Carlisle Sessions Floyd (June 11, 1926September 30, 2021) was an American composer primarily known for his operas. These stage works, for which he wrote the librettos, typically engage with themes from the American South, particularly the Post-civil war South, the Great Depression and rural life. His best known opera, Susannah, is based on a story from the Biblical Apocrypha, transferred to contemporary rural Tennessee, and written for a Southern dialect. It was premiered at Florida State University in 1955, with Phyllis Curtin in the title role. When it was staged at the New York City Opera the following year, the reception was initially mixed; some considered it a masterpiece, while others degraded it as a 'folk opera'. Subsequent performances led to an increase in Susannah's reputation and the opera quickly became among the most performed of American operas.

In 1976, he became M. D. Anderson professor at the University of Houston. He co-founded the Houston Opera Studio for the training of young singers. Floyd is regarded as the "Father of American opera".

Life and career

Youth and education
Carlisle Sessions Floyd was born in Latta, South Carolina, on June 11, 1926 to Carlisle and Ida (née Fenegan) Floyd.  His father was his namesake and a Methodist minister at the local church; on both sides his family was descended from among the first European immigrants to the Carolinas. He had a sister, Ermine, along with a sizable extended family. Being raised in the Southern United States, Floyd would have been well aquatinted with typical Southern ideals of the time, such as Southern hospitality, extra caution to avoid offending others, Protestantism and a general disliking towards the Northerners. Also prominent in his Southern upbringing were revival meetings, the "bigotry" of which later influenced his work. Though the family was not familiar with contemporary classical music, Floyd's mother enjoyed music and poetry, often hosting family hymn singing events. She also gave Floyd his first piano lessons. Floyd attended North High School in North Carolina.

Though American involvement in World War II had begun in 1941, Floyd's asthma prevented his conscription. He attended Converse College of Spartanburg, South Carolina in 1944, studying piano with composer Ernst Bacon.
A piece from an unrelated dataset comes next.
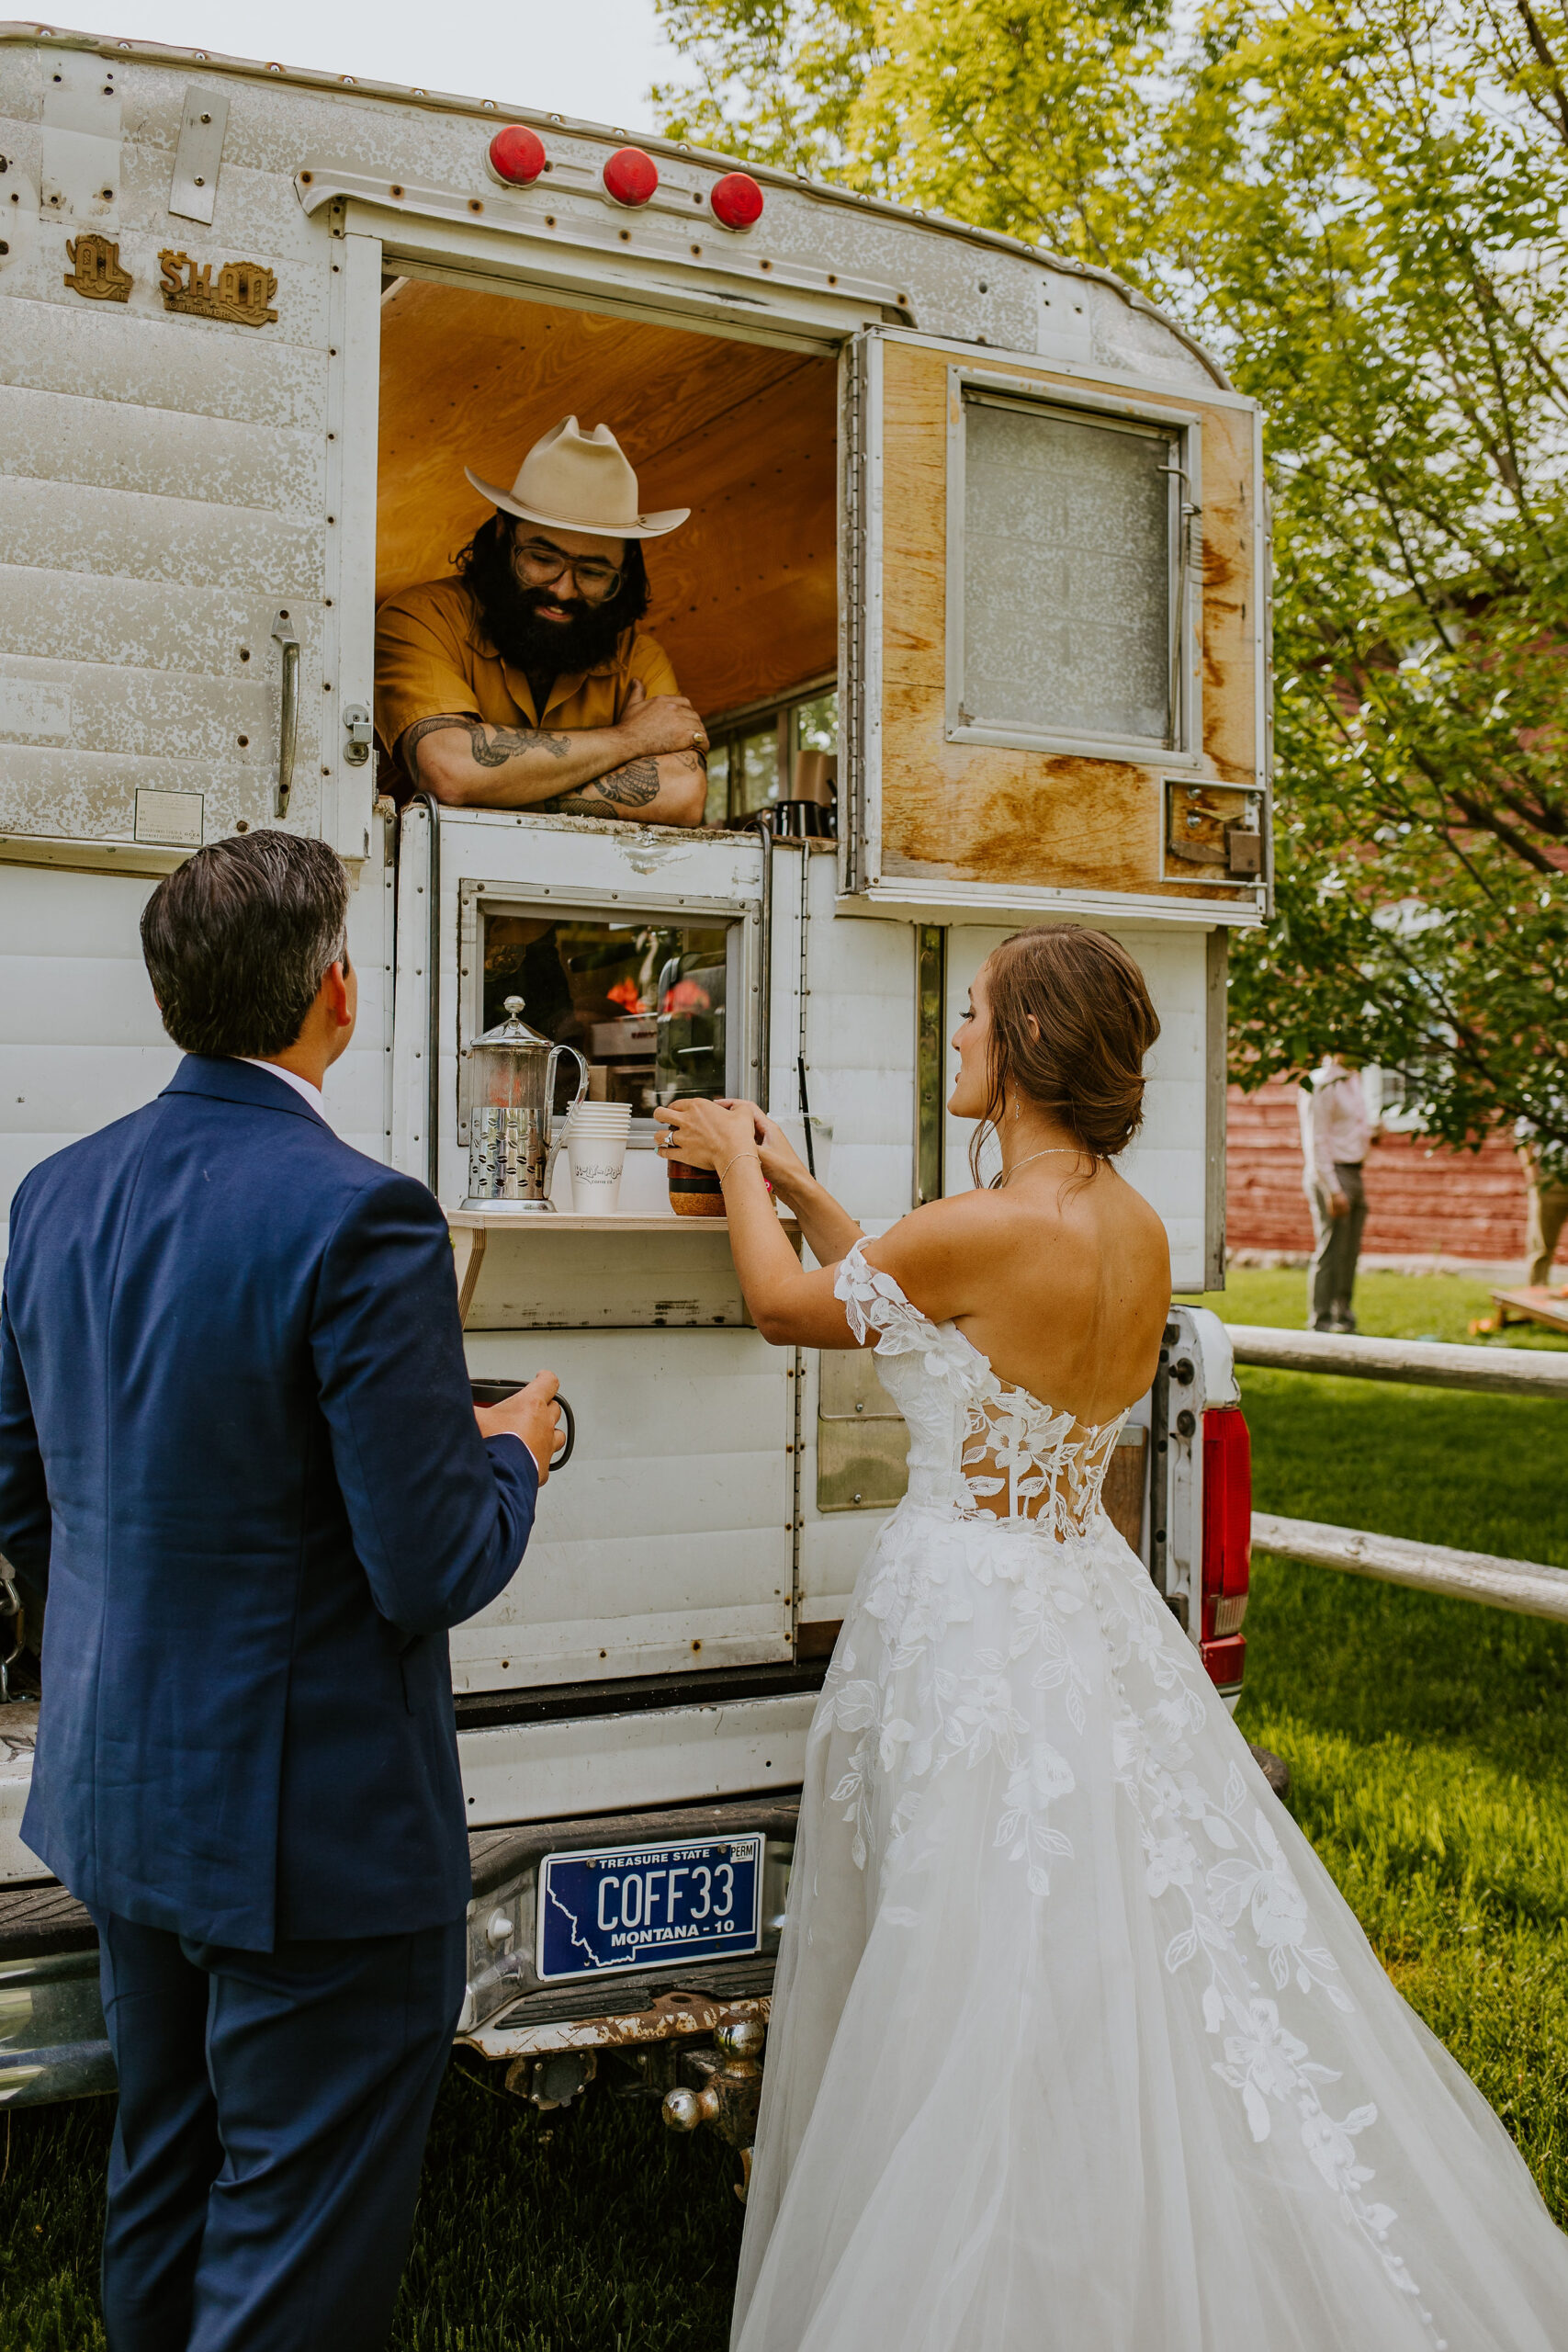 Bozeman Roly Poly Coffee Trailer for weddings

In 1945 Bacon left Converse to become director of the music school at Syracuse University, New York, a considerably more multicultural institution. Floyd followed Bacon to Syracuse and received a Bachelor of Music in 1946. The following year, Floyd became part of the piano faculty at Florida State University in Tallahassee. He stayed there for thirty years, eventually becoming Professor of Composition. He received a master's degree at Syracuse in 1949.

Emerging composer and Susannah
While at FSU, Floyd gradually became interested in composition. His first opera was Slow Dusk to his own libretto, and was produced at Syracuse in 1949. His next opera, The Fugitives, was seen at Tallahassee in 1951 but was withdrawn.

Floyd's third opera was his greatest success: Susannah. It was premiered at Florida State at the Ruby Diamond Auditorium in February 1955, with Phyllis Curtin in the title role and Mack Harrell as the Reverend Olin Blitch. The following year, the opera was given at the New York City Opera, winning him international recognition. Erich Leinsdorf conducted, with Curtin and Norman Treigle as Blitch. The opera received the New York Music Critics' Circle Award. It was selected to be America's official operatic entry at the 1958 World's Fair in Brussels, directed by Frank Corsaro, with Curtin, Treigle and Richard Cassilly.

Further operas
In 1976, he became M. D. Anderson professor at the University of Houston. There, he co-founded the Houston Opera Studio, together with David Gockley, as an institution of the University of Houston and Houston Grand Opera, with students including Michael Ching and Craig Bohmler.

Later in 1958, Floyd's Wuthering Heights (after Emily Brontë) premiered at the Santa Fe Opera, with Curtin as the heroine. In 1960, at Syracuse, his solo cantata on biblical texts, Pilgrimage, was first heard with Treigle as soloist. The Passion of Jonathan Wade, commissioned by the Ford Foundation, was Floyd's most epic opera, set in South Carolina during the Reconstruction era. It was premiered at the New York City Opera on October 11, 1962. Theodor Uppman, Curtin, Treigle and Harry Theyard performed in a large cast, conducted by Julius Rudel and directed by Allen Fletcher. Floyd revised it in 1989 for performances at four major opera houses in the U.S., beginning at Houston Grand  Opera.

Floyd's next opera was The Sojourner and Mollie Sinclair, which was a comedy around Scottish settlers of the Carolinas.  Patricia Neway and Treigle created the title roles with Rudel conducting. The opera Markheim (after Robert Louis Stevenson) was first shown at the New Orleans Opera Association in 1966, with Treigle (to whom it was dedicated) and Audrey Schuh heading the cast. Floyd himself served as stage director.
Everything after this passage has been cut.